Smart SMS Corp. (the "COMPANY") was incorporated in Florida on June 3, 1997 as Future Projects VIII Corp. On July 20, 2000, we changed our name to AMERICAN IDC CORP. Subsequently, on October 31, 2005, we changed our name to SMART SMS CORP. There have been no bankruptcy, receiverships, or similar proceedings by or us. There has been no material reclassification, merger, consolidation, or purchase or sale of any significant assets not in the ordinary course of business.

Our principal executive offices are located at: 11301 Olympic Boulevard, Suite 680, Los Angeles, CA 90064.

Business History ----------------

At December 31, 2004, we were a development-stage company focused on developing online interactive businesses, such as dating sites, portals, and music downloading sites. Between 2001 and December 31, 2004, we focused on creating and providing the platforms for Internet businesses, where others pay to use our sites and provide their own content. During 2004, we generated no revenues from our products or services. Subsequent to December 31, 2004, we abandoned our online interactive business and entered the text messaging business.

LICENSING AGREEMENTS

On April 27, 2004, we entered into a Exclusive License Agreement with Timeless Video, Inc., a California corporation ("TVI/CSI"), Digital Continuum, Inc., a California corporation ("DCI") and ETV, Inc., a California corporation ("ETV"), (collectively, the "LICENSOR"), whereby we agreed to license a library of over 10,000 classic films and television programs and a digital technology solution for encoding, encrypting and broadcasting over the Internet, including a proprietary Digital Continuum software. Under the licensing agreement, we will license the Library and DC Software for use in North America for a period of five years, renewable by mutual agreement of the parties. In consideration for the license, we paid to the Licensor $10,000 in cash, and issued 5,000,000 shares of our restricted common stock, valued at $250,000. The license also included an exclusive two-year option to purchase the licensed assets for $5,000,000 payable in cash or common stock, as determined by the parties.
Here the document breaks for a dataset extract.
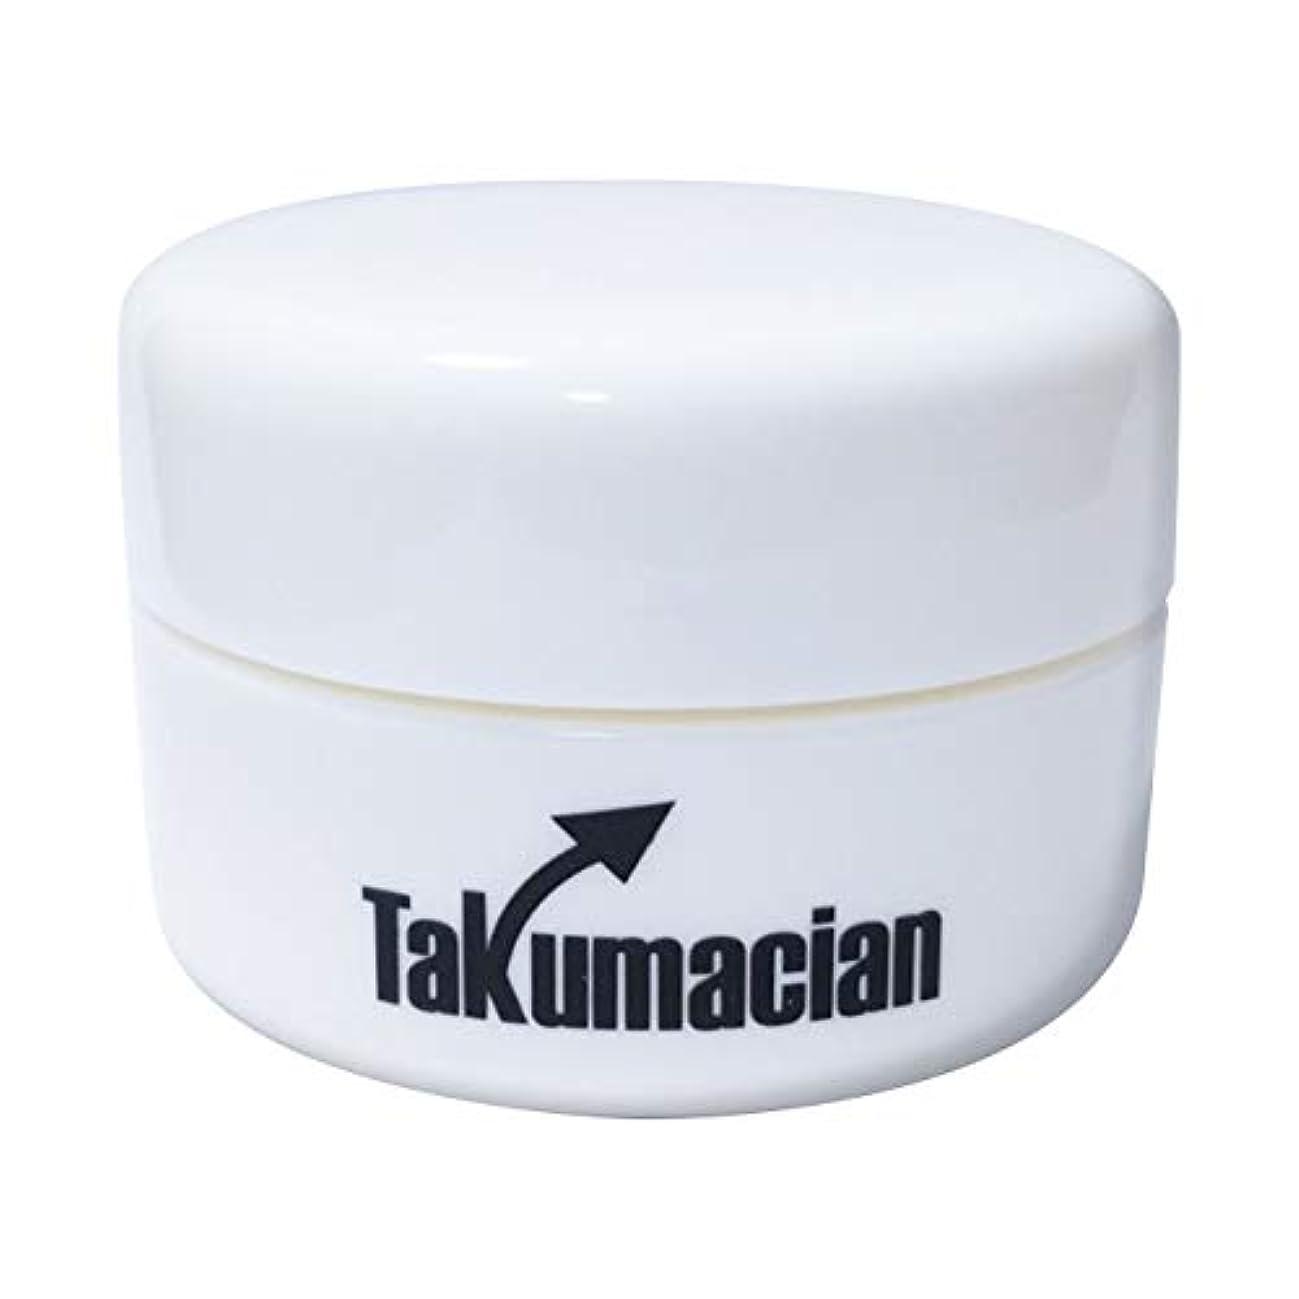 歯科の行動だますTakumacian タクマシアン ボディ用クリーム 男性用 長持ち 自信

Following the closing of the acquisition, there were no revenues generated or further developments from this Exclusive License Agreement as of December 31, 2004.

On October 28, 2004, we entered into a License Agreement with Omni Media Distribution, Inc. ("OMNI"), a Nevada corporation. Omni acquires independent feature films, TV Series, documentaries, short films, animations and family programming from numerous worldwide sources. Pursuant to the License Agreement, we agreed to license Omni's content library for a period of five years in exchange for 3,000,000 shares of restricted common stock and a 49% royalty paid to Omni from the net revenue derived from the use of the licensed assets. These restricted shares, valued at $180,000, were issued to Omni in November 2004. As of December 31, 2004, there were no revenues generated or further developments from this License Agreement.

On December 11, 2004 we signed a letter of understanding with Smart Entertainment Inc. ("SEI") incorporated under the laws of the County of Iceland. We subsequently renegotiated with SEI and amended the terms on various occasions. Subsequently, we entered into a final and definitive licensing agreement with SEI, which agreement superseded any and all previous agreements and understandings.

Subsequent to the year ended December 31, 2004 we renegotiated the terms of our agreements with SEI and its sole shareholder Halldor Sanne, as follows:

i) We agreed to acquire a 10% of equity interest in the capital stock of SEI, for a total consideration of $200,000. SEI had no assets and liabilities and no operations at the date of the acquisition.

ii) Effective March 1, 2005 SEI and its sole shareholder, Halldor Sanne, granted exclusive rights to us for a 99 year period to utilize the Smart SMS technical platform, logo, and marketing and promotional material for North America, Central America and South America. As consideration for the licensing rights we issued 40,000,000 shares of common stock to SEI.

iii) We issued 5,000,000 shares of common stock to Halldor Sanne and made a payment of $4,700 in exchange for fees due to SEI and Halldor Sanne for technical services rendered.

Employees and Consultants -------------------------

During 2004, we had no full time employees. Our research and development costs were not meaningful.